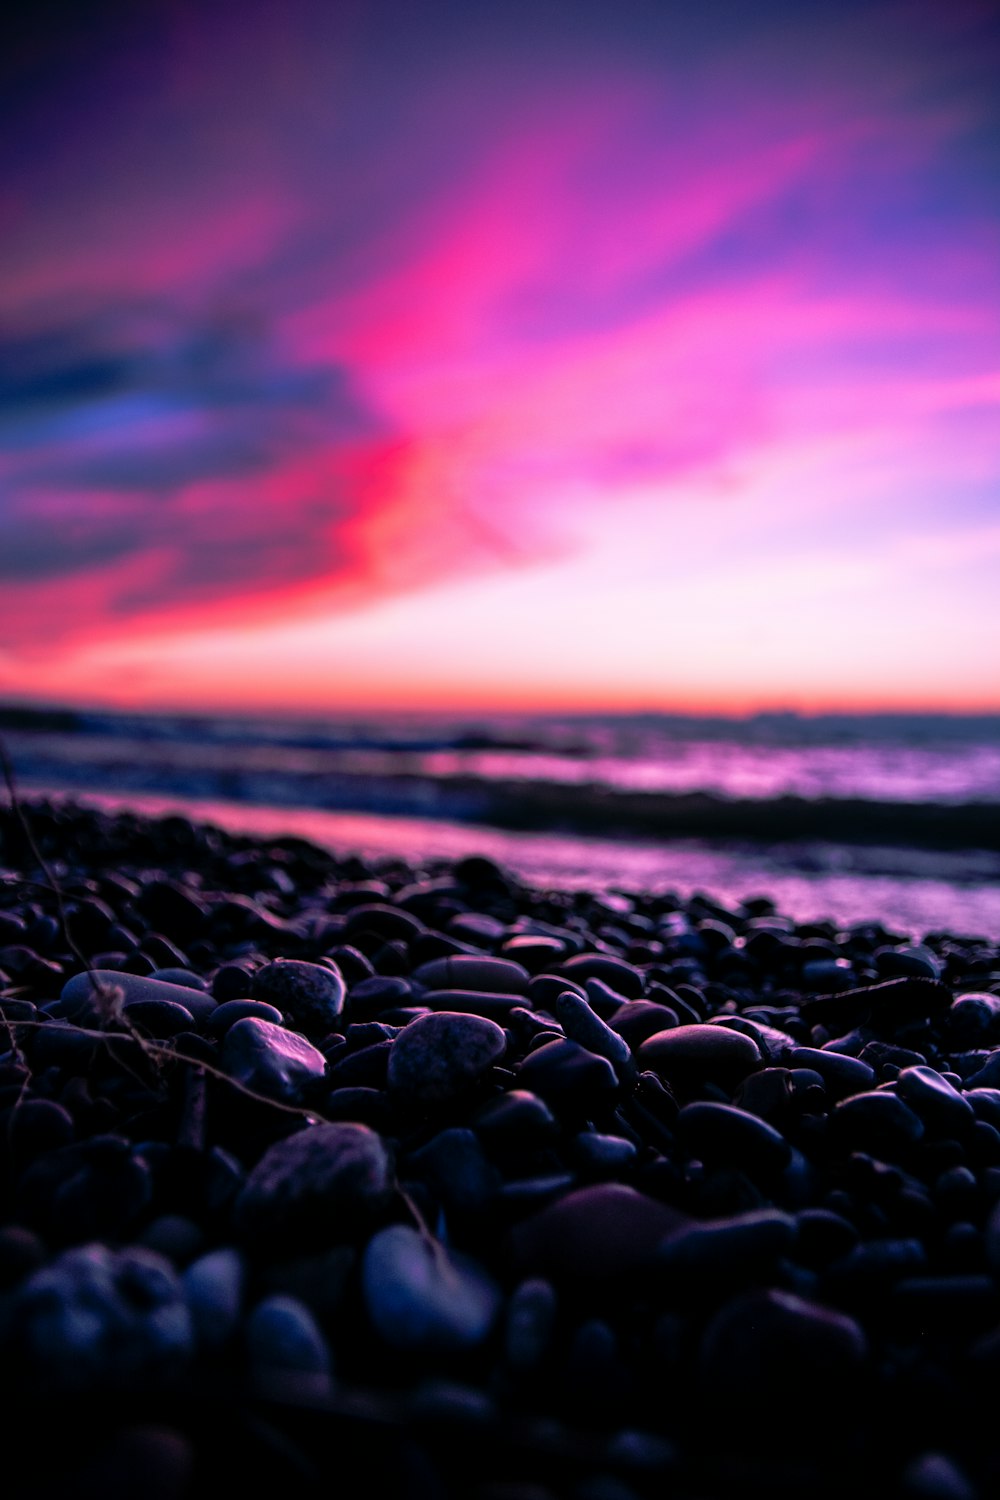 형형색색의 하늘 아래 바위와 물이 있는 해변
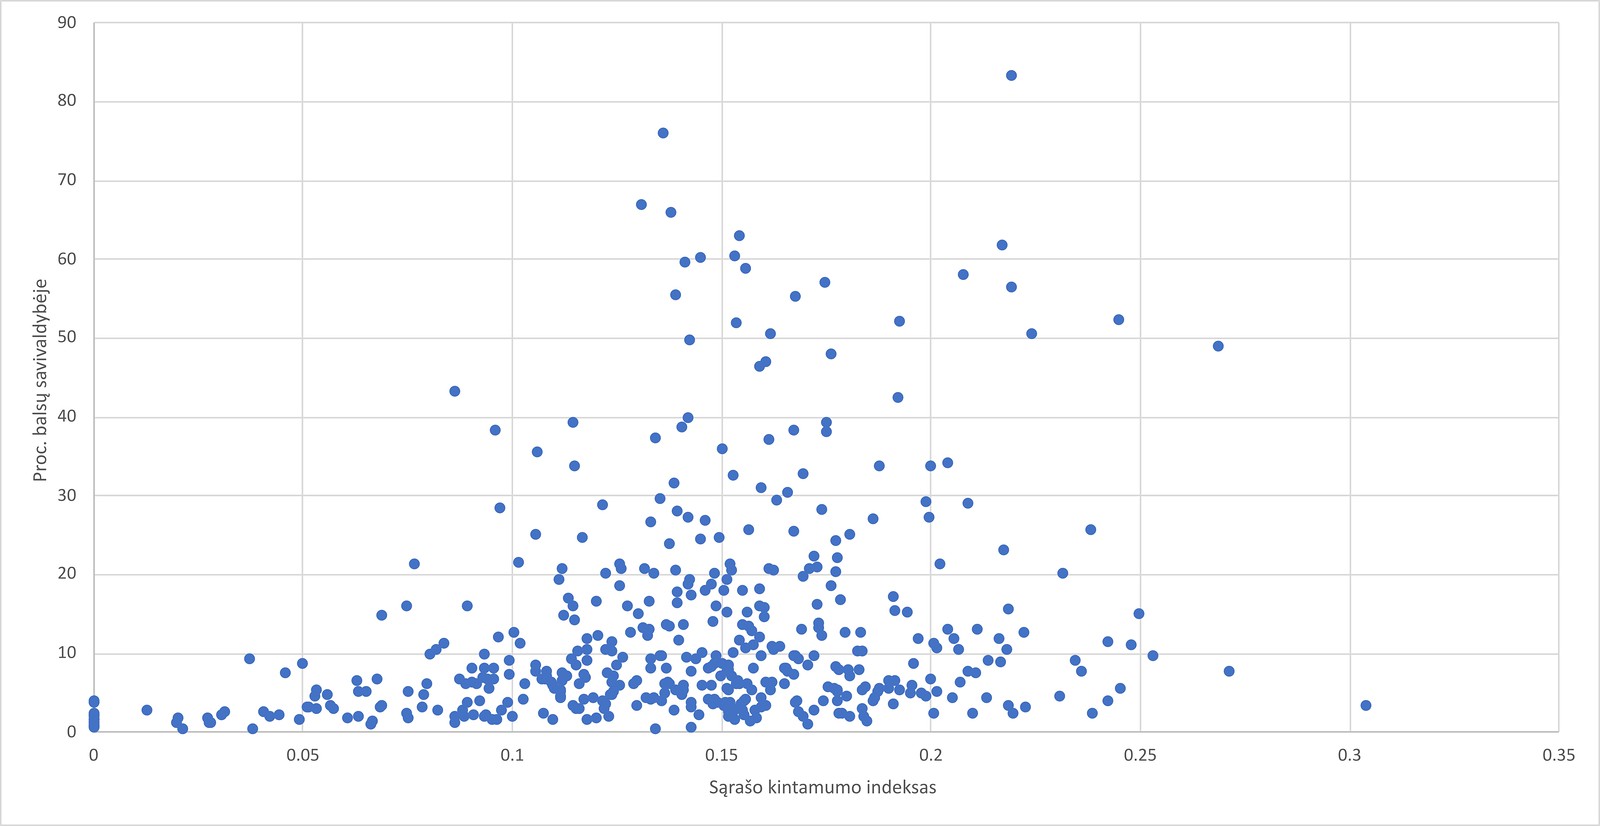 Koreliacijos paieškos tarp sąrašų kintamumo koeficiento ir gautų balsų procentų
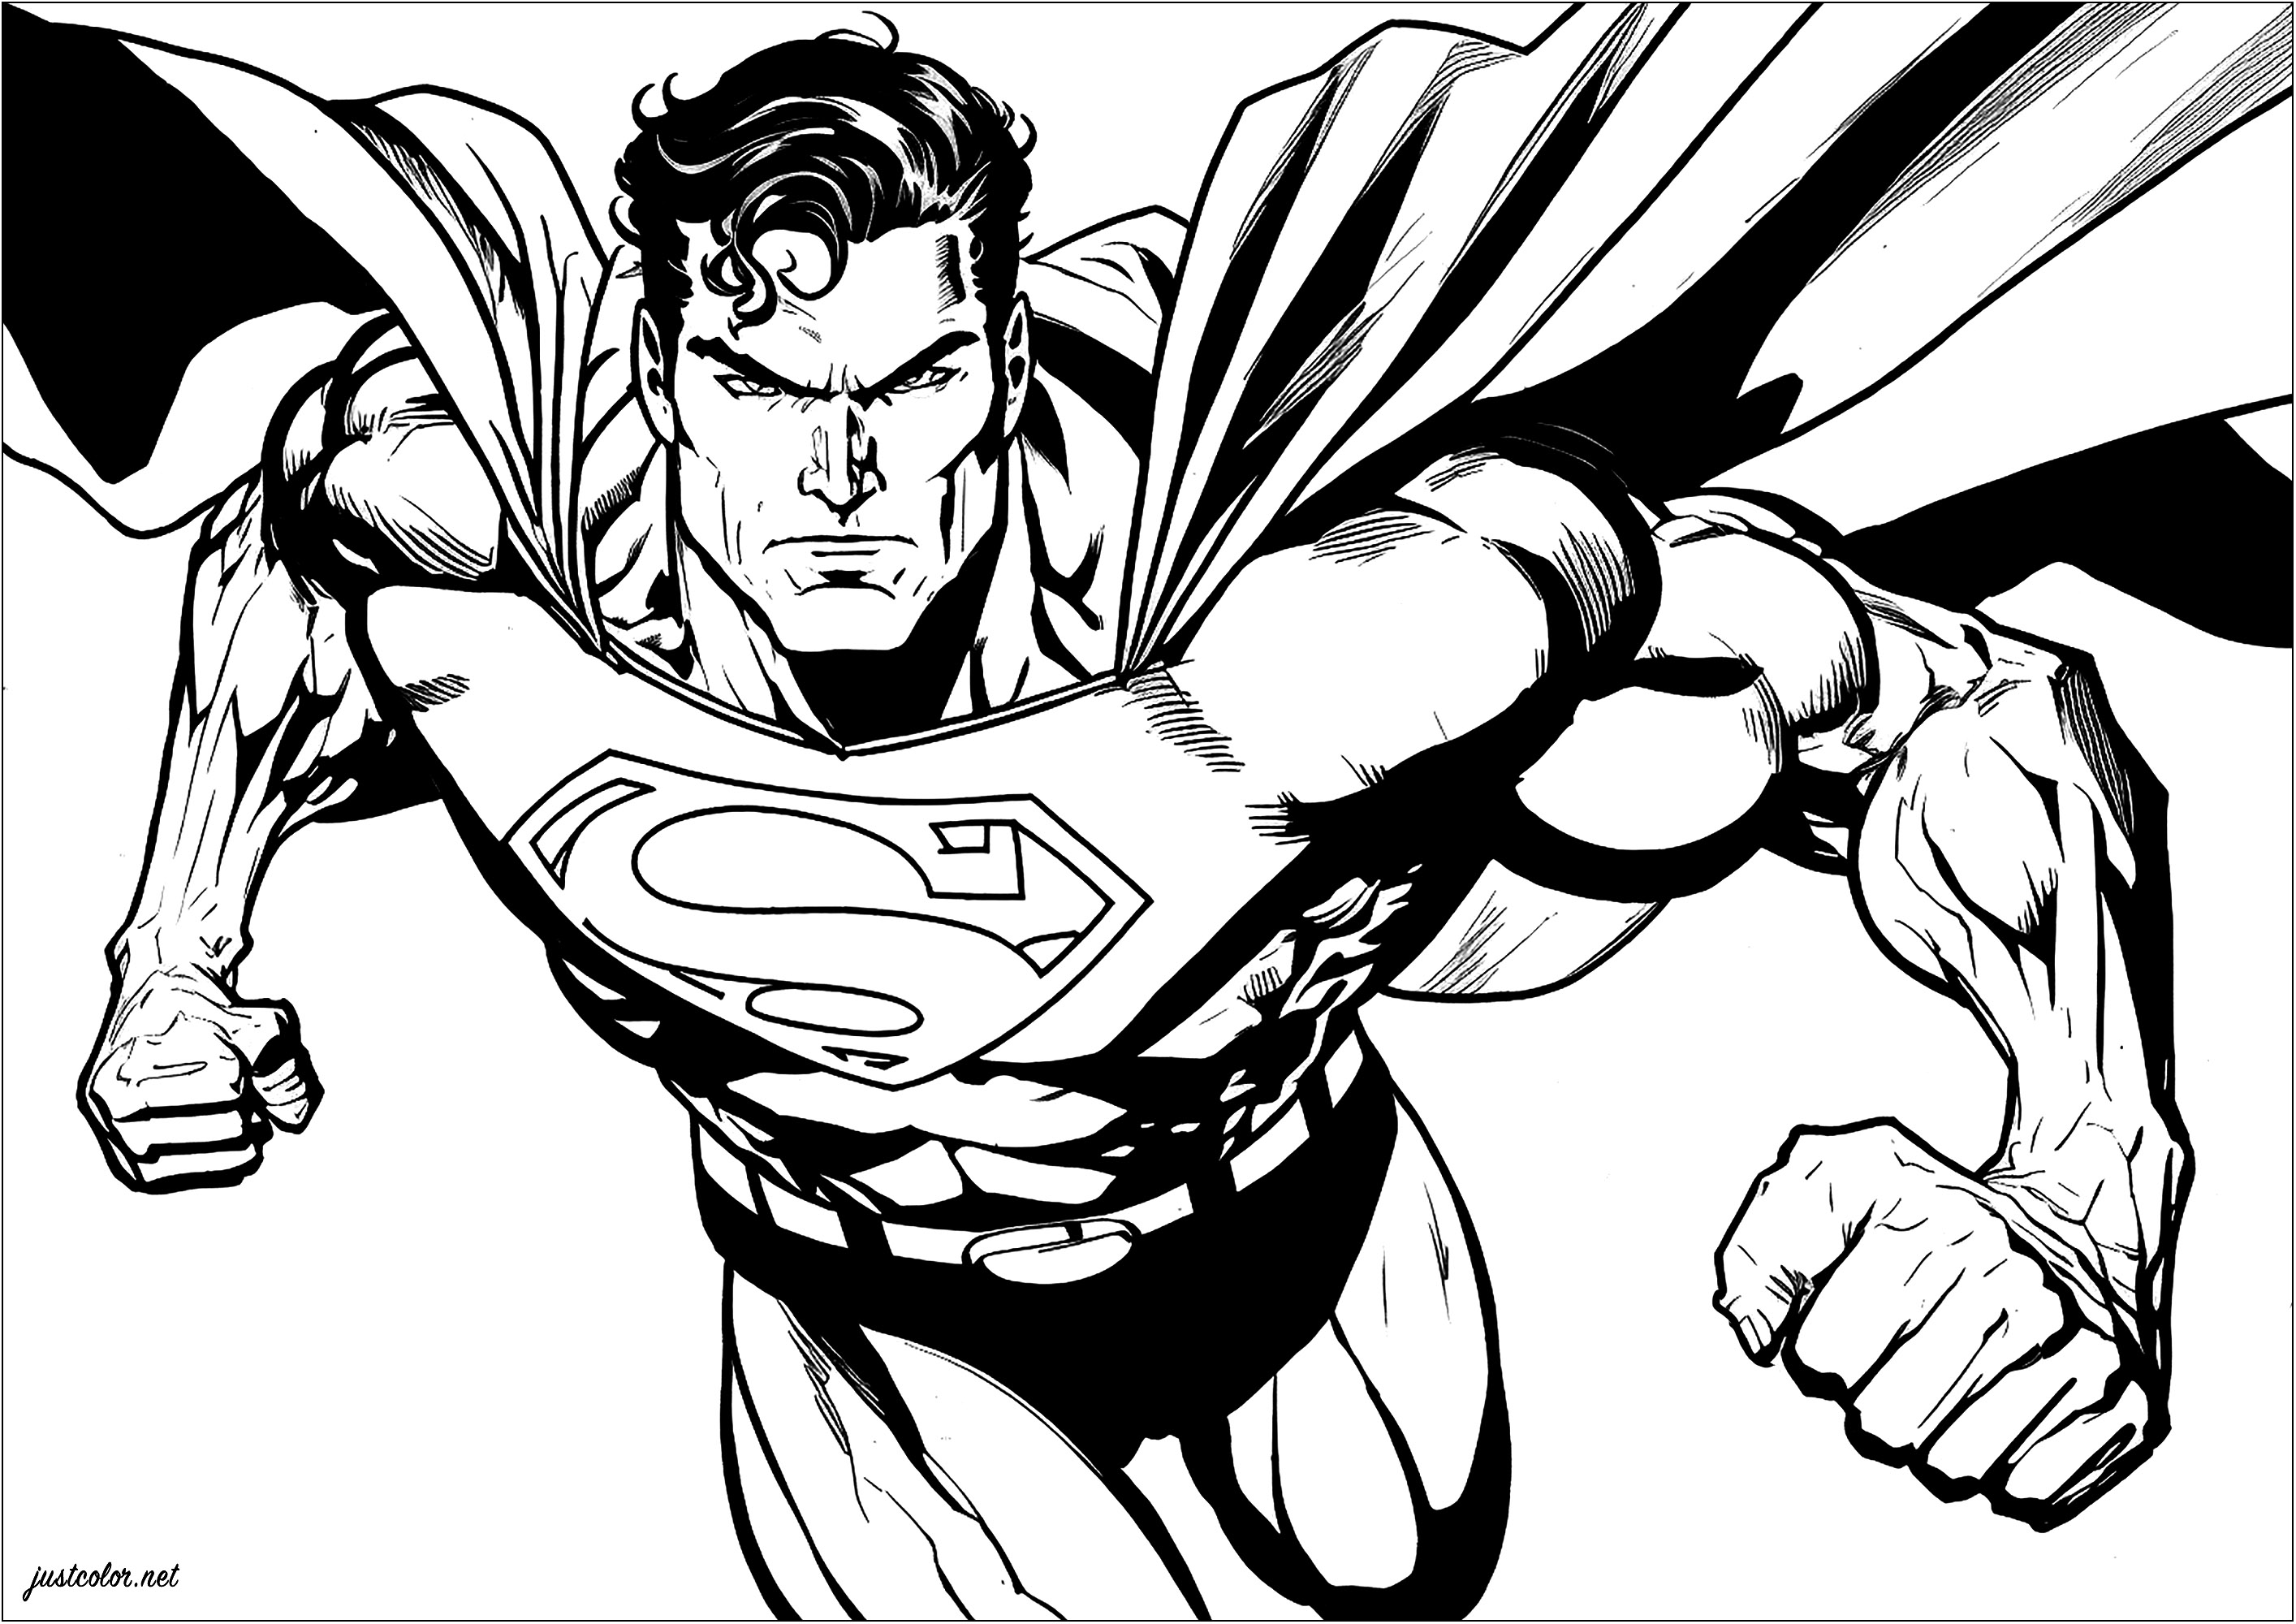 Superman y sus músculos abultados, listos para la batalla. Prepara tus rotuladores azul, rojo y amarillo.

◆ ◆ ◆

**What is being asked**
Except for the pictures, copy the material above exactly.

**Result**
 형형색색의 하늘 아래 바위와 물이 있는 해변
 Koreliacijos paieškos tarp sąrašų kintamumo koeficiento ir gautų balsų procentų
 Superman y sus músculos abultados, listos para la batalla. Prepara tus rotuladores azul, rojo y amarillo.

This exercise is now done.